* What is expected:
Type out the lines below exactly, pictures excluded.

* Dataset extract:
%%

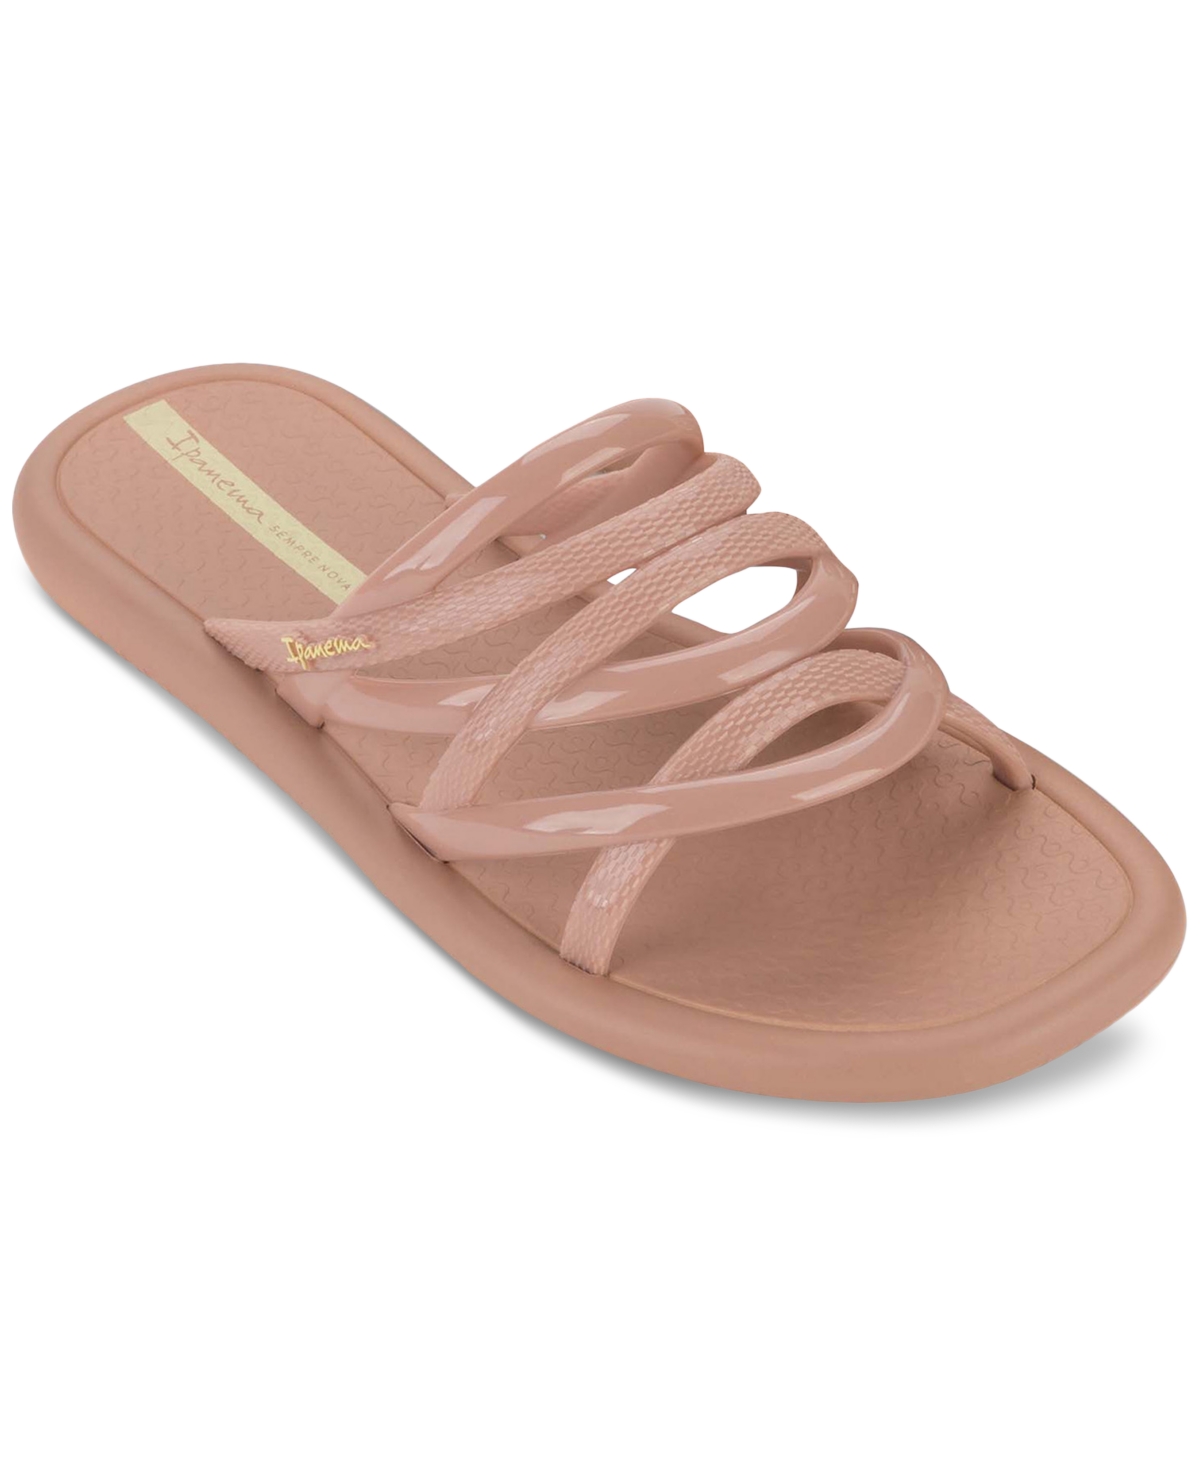 x Shakira Women's Sol Strappy Slide Sandals - Light Pink
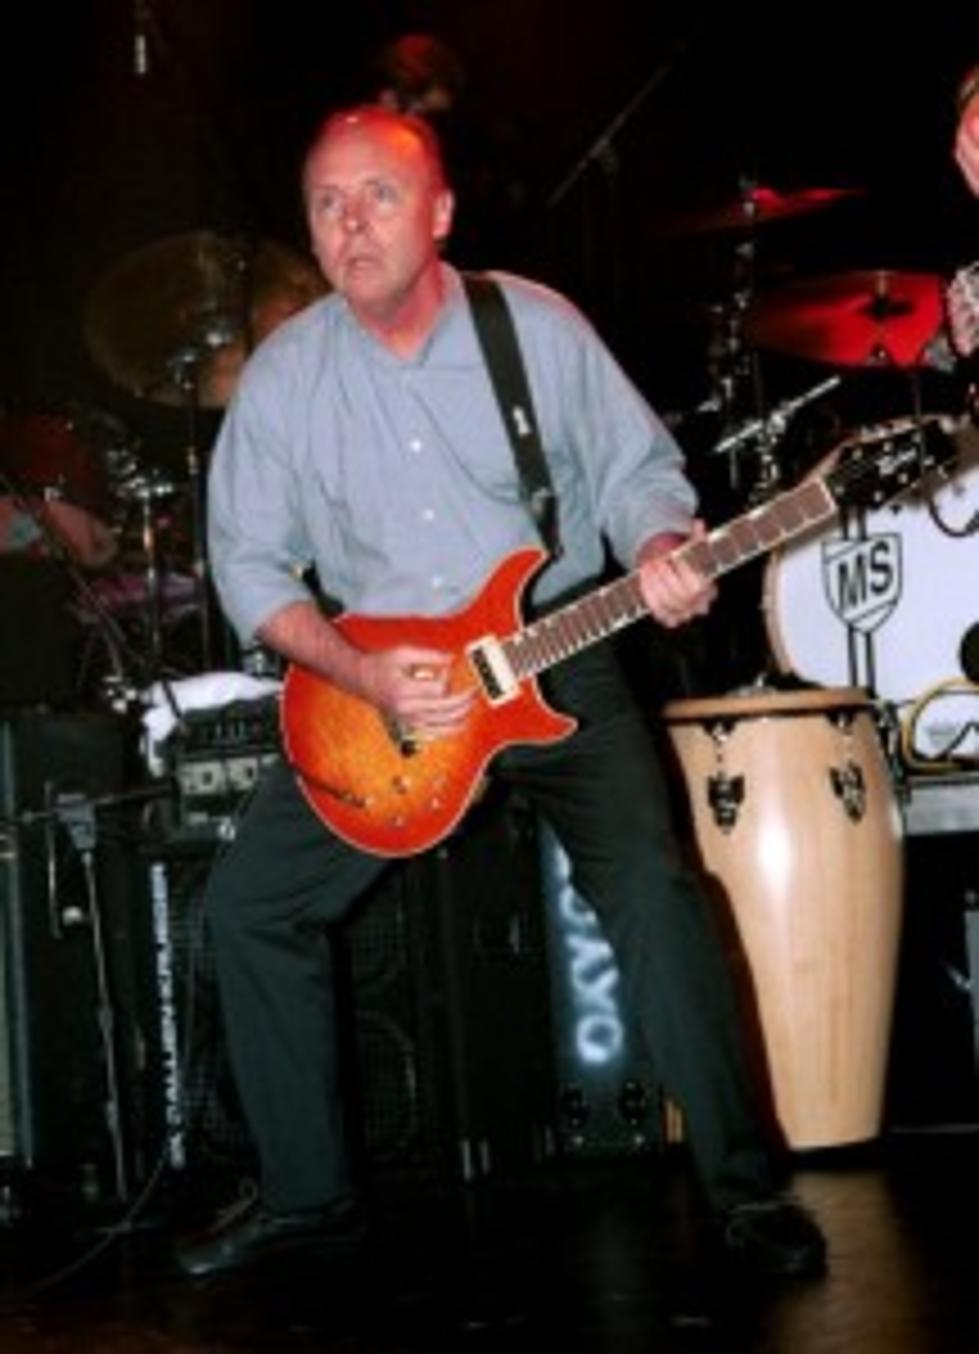 Legendary Guitarist Ronnie Montrose Death Ruled A Suicide
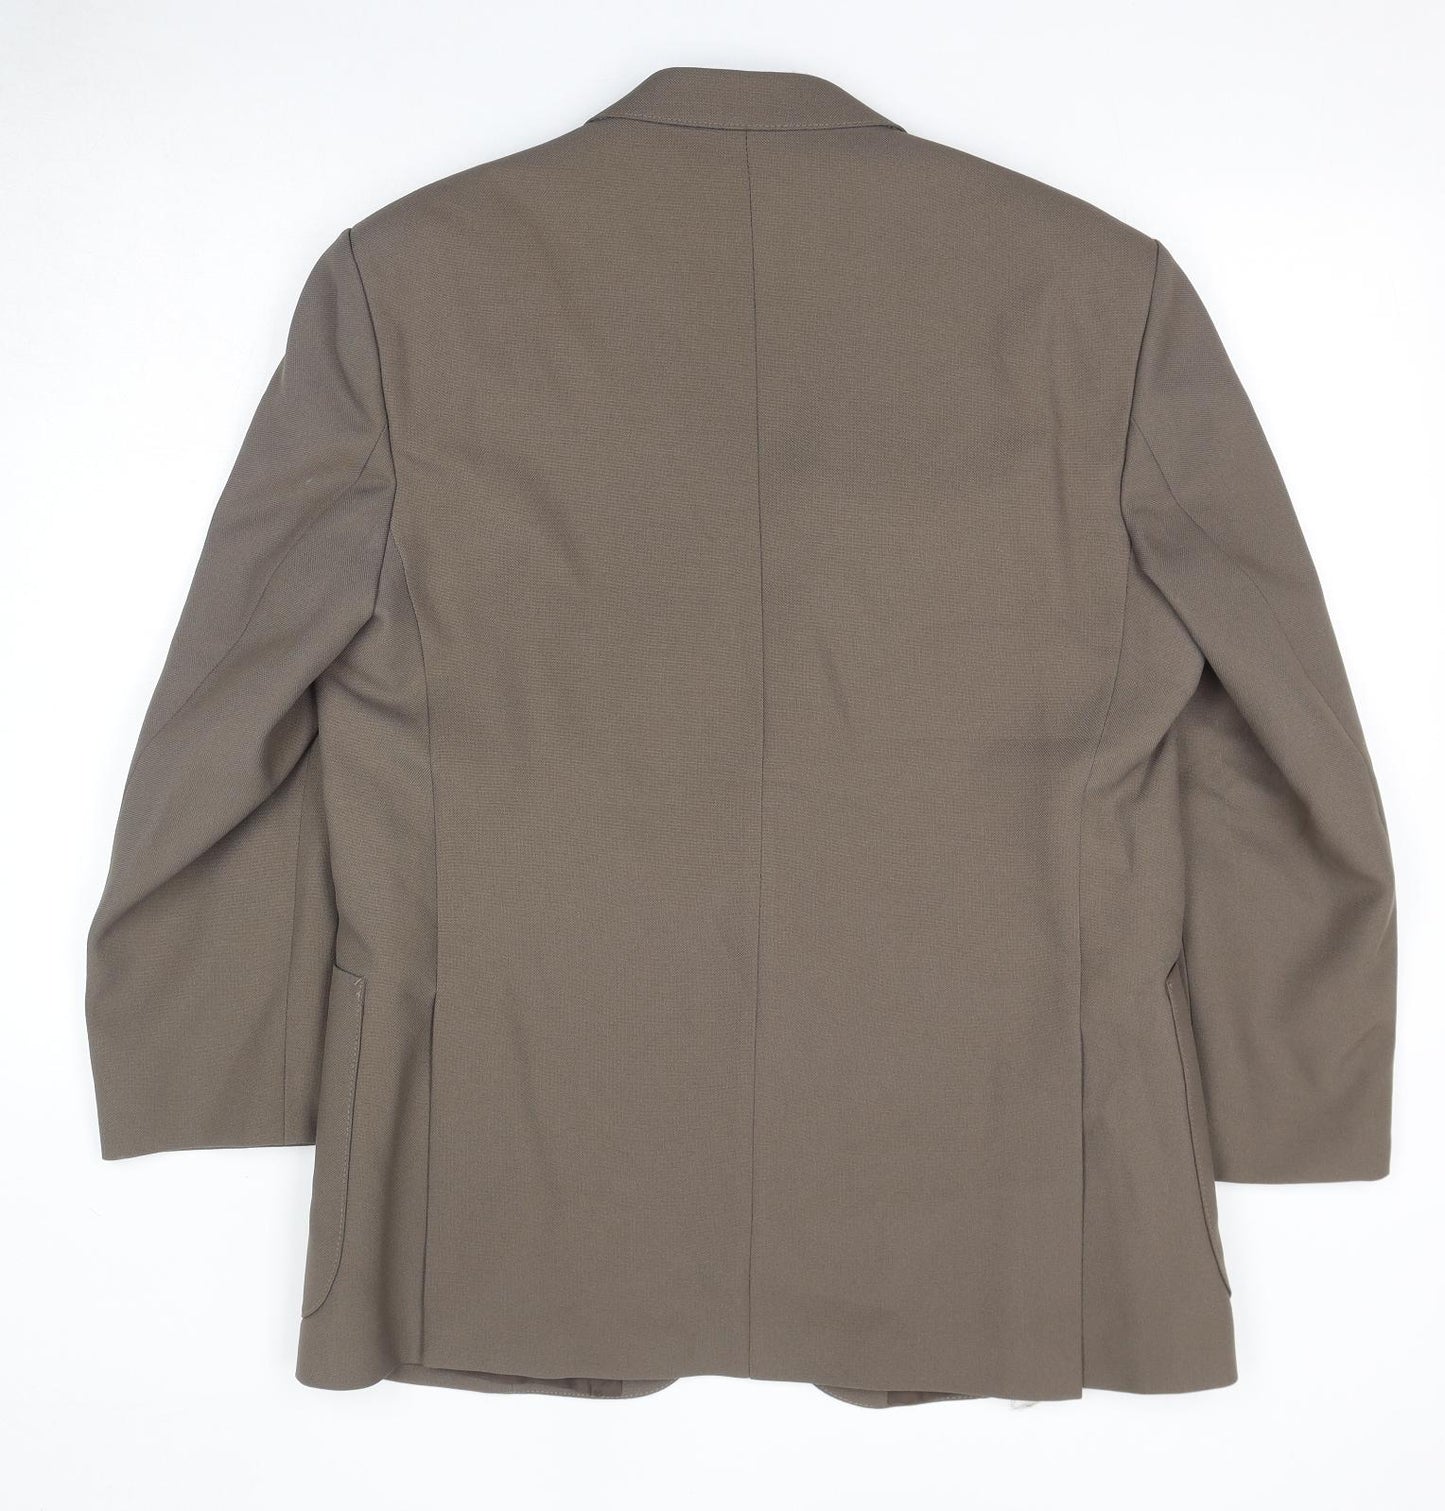 Greenwoods Mens Beige Polyester Jacket Blazer Size 44 Regular

%%

* Completed exercise:
 x Shakira Women's Sol Strappy Slide Sandals - Light Pink
 Legendary Guitarist Ronnie Montrose Death Ruled A Suicide
 Greenwoods Mens Beige Polyester Jacket Blazer Size 44 Regular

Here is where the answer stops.